**Exercise goal:** Your task is to repeat exactly the lines below between the line holding "Seat map for" and the line holding "cherry blossom festival 2020 - HD1920×1271", inclusive, and only those.

Segment Start: Records to process

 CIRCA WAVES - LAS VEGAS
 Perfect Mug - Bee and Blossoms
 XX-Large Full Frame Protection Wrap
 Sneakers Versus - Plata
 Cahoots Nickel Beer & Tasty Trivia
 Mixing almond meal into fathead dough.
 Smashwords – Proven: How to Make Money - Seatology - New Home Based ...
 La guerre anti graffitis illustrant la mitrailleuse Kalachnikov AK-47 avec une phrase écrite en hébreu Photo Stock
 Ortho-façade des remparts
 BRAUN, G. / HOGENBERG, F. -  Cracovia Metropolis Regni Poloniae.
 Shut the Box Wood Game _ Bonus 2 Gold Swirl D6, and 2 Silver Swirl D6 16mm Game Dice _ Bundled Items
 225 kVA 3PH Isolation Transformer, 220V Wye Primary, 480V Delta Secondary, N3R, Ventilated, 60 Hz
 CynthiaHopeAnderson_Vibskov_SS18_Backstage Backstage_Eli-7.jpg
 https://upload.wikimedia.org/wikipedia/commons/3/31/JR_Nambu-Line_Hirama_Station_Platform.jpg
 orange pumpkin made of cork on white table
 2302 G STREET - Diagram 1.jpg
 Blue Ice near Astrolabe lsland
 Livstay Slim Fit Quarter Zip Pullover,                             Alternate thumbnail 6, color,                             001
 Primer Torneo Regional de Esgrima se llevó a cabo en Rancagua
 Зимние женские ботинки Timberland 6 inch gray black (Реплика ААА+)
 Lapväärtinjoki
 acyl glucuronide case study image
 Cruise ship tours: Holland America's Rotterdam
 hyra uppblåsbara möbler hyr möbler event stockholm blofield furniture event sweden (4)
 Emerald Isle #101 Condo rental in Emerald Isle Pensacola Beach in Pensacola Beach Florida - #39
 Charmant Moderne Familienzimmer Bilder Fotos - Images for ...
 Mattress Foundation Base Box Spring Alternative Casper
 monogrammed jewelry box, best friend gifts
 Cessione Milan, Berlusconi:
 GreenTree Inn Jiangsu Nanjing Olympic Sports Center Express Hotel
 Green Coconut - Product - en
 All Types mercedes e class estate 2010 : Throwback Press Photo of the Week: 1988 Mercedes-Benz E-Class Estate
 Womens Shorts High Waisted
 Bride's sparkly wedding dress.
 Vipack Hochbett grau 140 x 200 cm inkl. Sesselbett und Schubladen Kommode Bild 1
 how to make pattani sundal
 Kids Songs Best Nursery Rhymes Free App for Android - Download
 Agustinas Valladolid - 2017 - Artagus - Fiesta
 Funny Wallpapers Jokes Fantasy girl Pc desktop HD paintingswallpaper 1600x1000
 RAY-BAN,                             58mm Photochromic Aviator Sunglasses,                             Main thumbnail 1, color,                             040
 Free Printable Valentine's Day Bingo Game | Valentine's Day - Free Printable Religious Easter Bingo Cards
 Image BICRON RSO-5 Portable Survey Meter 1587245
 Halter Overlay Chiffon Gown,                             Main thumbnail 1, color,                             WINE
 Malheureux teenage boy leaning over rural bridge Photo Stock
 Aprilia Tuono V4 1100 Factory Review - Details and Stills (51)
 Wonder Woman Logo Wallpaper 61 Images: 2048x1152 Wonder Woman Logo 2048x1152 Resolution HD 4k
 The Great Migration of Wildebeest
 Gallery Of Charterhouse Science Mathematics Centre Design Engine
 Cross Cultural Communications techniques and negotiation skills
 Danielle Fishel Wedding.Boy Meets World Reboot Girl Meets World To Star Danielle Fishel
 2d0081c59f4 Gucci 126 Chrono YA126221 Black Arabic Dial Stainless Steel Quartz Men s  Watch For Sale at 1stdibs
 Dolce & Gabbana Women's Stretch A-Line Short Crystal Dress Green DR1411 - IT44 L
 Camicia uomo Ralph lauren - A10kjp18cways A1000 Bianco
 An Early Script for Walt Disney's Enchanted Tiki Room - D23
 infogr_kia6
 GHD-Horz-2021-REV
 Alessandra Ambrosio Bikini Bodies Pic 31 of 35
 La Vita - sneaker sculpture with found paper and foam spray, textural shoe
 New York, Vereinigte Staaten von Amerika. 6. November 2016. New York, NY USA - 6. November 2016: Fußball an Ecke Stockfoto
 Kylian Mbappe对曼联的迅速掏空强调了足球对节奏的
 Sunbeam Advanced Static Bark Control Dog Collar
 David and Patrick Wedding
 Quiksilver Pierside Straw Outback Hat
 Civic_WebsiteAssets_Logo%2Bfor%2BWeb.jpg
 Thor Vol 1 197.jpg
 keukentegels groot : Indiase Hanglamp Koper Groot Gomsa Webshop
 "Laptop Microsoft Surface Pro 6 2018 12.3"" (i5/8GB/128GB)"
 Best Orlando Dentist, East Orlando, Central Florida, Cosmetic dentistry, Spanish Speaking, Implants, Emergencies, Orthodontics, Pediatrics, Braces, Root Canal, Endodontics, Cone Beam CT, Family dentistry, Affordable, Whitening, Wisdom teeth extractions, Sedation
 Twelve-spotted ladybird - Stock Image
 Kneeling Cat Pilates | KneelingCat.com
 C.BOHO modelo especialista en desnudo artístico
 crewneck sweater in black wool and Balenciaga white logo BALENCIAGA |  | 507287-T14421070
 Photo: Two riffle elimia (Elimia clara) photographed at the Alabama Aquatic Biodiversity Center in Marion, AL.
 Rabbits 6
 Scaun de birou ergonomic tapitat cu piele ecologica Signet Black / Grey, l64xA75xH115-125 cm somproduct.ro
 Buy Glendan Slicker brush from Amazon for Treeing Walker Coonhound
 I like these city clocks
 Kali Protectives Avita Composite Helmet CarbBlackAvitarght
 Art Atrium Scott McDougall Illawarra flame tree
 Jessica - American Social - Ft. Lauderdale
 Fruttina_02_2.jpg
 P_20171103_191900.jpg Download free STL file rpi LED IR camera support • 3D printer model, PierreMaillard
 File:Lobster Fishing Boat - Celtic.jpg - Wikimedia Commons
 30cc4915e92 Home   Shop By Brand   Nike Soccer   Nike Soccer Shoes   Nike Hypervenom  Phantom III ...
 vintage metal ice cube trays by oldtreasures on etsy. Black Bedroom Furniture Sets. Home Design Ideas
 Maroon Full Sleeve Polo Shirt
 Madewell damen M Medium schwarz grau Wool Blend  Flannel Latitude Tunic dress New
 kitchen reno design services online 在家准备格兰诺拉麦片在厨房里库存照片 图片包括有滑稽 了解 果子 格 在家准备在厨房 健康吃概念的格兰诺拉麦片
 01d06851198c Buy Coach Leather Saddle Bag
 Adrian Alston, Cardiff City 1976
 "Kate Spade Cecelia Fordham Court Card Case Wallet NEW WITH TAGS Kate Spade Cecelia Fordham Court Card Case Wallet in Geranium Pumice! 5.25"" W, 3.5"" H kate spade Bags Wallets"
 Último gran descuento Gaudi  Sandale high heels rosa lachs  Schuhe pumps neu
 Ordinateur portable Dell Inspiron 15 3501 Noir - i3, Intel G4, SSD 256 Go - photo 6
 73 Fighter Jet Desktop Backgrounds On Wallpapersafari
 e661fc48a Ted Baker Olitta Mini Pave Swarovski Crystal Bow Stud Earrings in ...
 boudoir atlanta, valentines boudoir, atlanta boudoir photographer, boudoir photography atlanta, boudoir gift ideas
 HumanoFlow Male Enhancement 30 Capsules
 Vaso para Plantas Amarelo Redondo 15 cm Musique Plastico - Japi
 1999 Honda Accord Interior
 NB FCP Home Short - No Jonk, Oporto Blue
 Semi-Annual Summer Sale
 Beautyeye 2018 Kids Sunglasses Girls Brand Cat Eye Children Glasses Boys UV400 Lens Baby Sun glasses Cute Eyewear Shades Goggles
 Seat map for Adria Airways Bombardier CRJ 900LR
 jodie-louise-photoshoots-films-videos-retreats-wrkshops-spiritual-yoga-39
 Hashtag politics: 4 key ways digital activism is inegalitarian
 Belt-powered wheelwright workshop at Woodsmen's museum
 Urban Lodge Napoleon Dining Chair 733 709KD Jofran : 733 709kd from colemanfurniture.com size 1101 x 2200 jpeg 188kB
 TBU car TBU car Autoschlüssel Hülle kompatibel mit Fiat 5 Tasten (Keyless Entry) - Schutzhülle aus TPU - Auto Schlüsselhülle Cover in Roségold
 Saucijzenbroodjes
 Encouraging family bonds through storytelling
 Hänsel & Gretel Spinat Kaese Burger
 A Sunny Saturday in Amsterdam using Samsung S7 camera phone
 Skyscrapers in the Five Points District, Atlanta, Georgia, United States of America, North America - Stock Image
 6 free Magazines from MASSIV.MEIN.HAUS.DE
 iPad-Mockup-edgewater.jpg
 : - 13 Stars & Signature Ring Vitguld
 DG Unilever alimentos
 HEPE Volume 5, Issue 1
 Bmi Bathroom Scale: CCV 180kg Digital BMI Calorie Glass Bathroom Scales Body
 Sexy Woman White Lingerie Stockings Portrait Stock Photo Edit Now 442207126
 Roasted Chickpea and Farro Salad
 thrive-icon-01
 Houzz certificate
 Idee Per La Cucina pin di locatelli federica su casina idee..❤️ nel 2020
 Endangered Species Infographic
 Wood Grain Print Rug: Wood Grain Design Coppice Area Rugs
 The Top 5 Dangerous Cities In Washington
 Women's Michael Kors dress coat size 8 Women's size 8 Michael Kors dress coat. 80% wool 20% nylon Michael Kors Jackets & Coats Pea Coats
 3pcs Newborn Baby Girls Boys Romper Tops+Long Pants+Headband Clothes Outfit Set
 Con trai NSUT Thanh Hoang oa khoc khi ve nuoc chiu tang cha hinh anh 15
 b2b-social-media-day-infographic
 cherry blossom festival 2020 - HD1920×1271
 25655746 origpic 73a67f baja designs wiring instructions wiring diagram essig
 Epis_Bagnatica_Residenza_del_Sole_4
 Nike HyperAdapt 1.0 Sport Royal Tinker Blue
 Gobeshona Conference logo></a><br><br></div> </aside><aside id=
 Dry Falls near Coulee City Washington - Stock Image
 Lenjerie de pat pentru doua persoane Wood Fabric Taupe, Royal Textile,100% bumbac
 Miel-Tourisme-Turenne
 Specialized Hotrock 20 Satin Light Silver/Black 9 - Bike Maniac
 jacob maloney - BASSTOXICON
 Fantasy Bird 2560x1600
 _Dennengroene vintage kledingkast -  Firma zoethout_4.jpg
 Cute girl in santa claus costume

Segment End: Records to process

**Answer box:**
 Seat map for Adria Airways Bombardier CRJ 900LR
 jodie-louise-photoshoots-films-videos-retreats-wrkshops-spiritual-yoga-39
 Hashtag politics: 4 key ways digital activism is inegalitarian
 Belt-powered wheelwright workshop at Woodsmen's museum
 Urban Lodge Napoleon Dining Chair 733 709KD Jofran : 733 709kd from colemanfurniture.com size 1101 x 2200 jpeg 188kB
 TBU car TBU car Autoschlüssel Hülle kompatibel mit Fiat 5 Tasten (Keyless Entry) - Schutzhülle aus TPU - Auto Schlüsselhülle Cover in Roségold
 Saucijzenbroodjes
 Encouraging family bonds through storytelling
 Hänsel & Gretel Spinat Kaese Burger
 A Sunny Saturday in Amsterdam using Samsung S7 camera phone
 Skyscrapers in the Five Points District, Atlanta, Georgia, United States of America, North America - Stock Image
 6 free Magazines from MASSIV.MEIN.HAUS.DE
 iPad-Mockup-edgewater.jpg
 : - 13 Stars & Signature Ring Vitguld
 DG Unilever alimentos
 HEPE Volume 5, Issue 1
 Bmi Bathroom Scale: CCV 180kg Digital BMI Calorie Glass Bathroom Scales Body
 Sexy Woman White Lingerie Stockings Portrait Stock Photo Edit Now 442207126
 Roasted Chickpea and Farro Salad
 thrive-icon-01
 Houzz certificate
 Idee Per La Cucina pin di locatelli federica su casina idee..❤️ nel 2020
 Endangered Species Infographic
 Wood Grain Print Rug: Wood Grain Design Coppice Area Rugs
 The Top 5 Dangerous Cities In Washington
 Women's Michael Kors dress coat size 8 Women's size 8 Michael Kors dress coat. 80% wool 20% nylon Michael Kors Jackets & Coats Pea Coats
 3pcs Newborn Baby Girls Boys Romper Tops+Long Pants+Headband Clothes Outfit Set
 Con trai NSUT Thanh Hoang oa khoc khi ve nuoc chiu tang cha hinh anh 15
 b2b-social-media-day-infographic
 cherry blossom festival 2020 - HD1920×1271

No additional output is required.